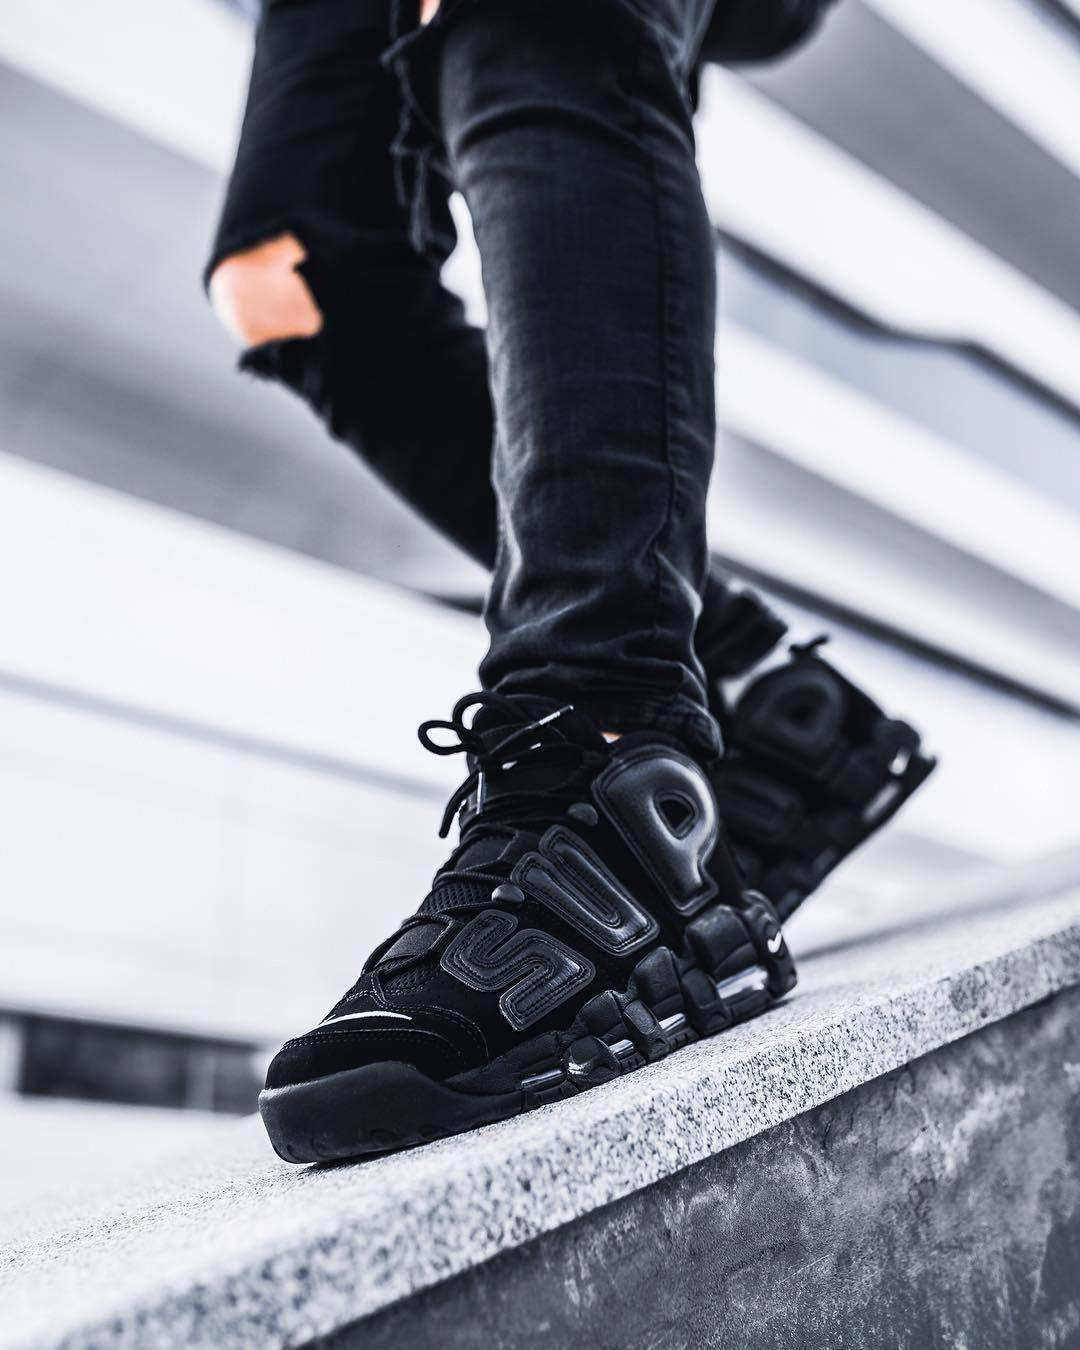 826e1a94abf0 Supreme x Nike Air More Uptempo
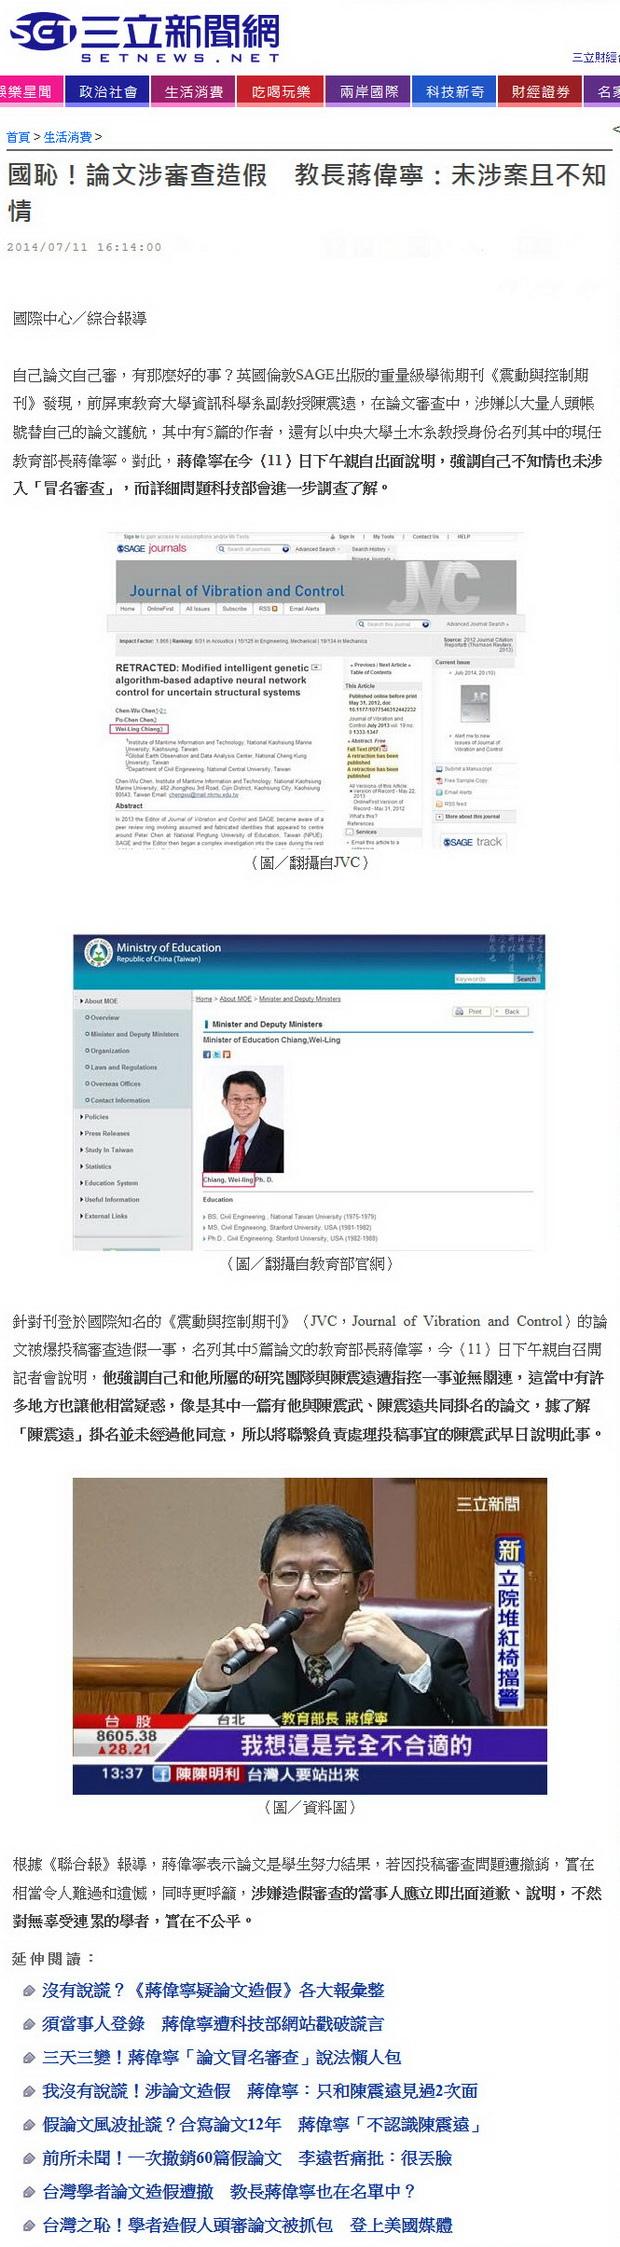 國恥!論文涉審查造假 教長蔣偉寧:未涉案且不知情-2014.07.11.jpg
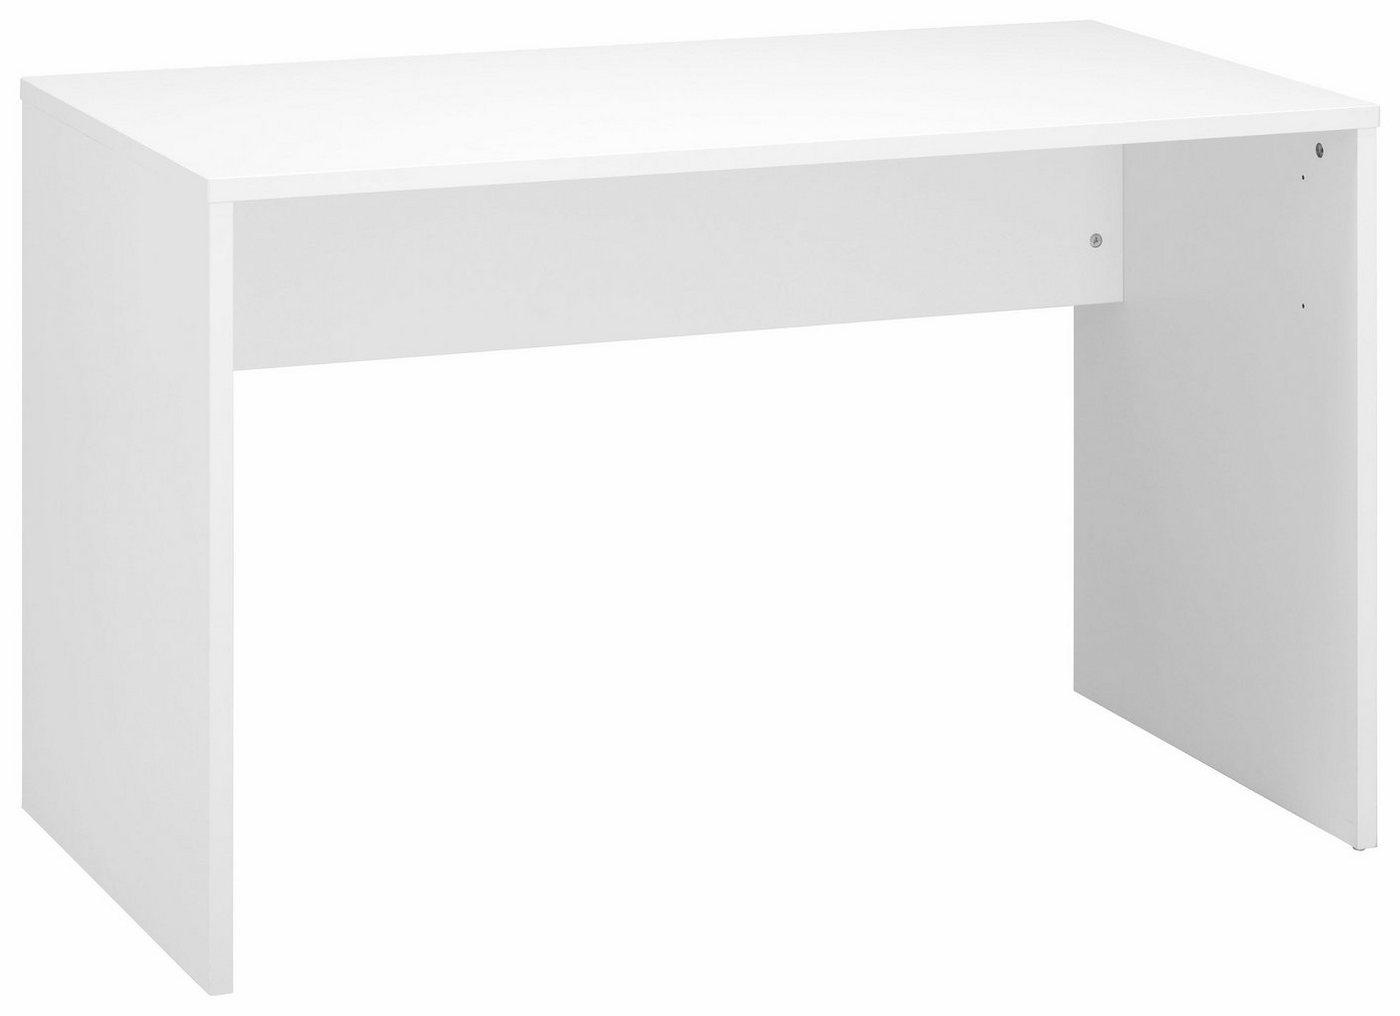 Schreibtisch weiss cs schmal preisvergleiche for Schreibtisch lang und schmal

========

From the material above, print everything exactly except the pictures.

Result
 826e1a94abf0 Supreme x Nike Air More Uptempo
 國恥!論文涉審查造假 教長蔣偉寧:未涉案且不知情-2014.07.11.jpg
 Schreibtisch weiss cs schmal preisvergleiche for Schreibtisch lang und schmal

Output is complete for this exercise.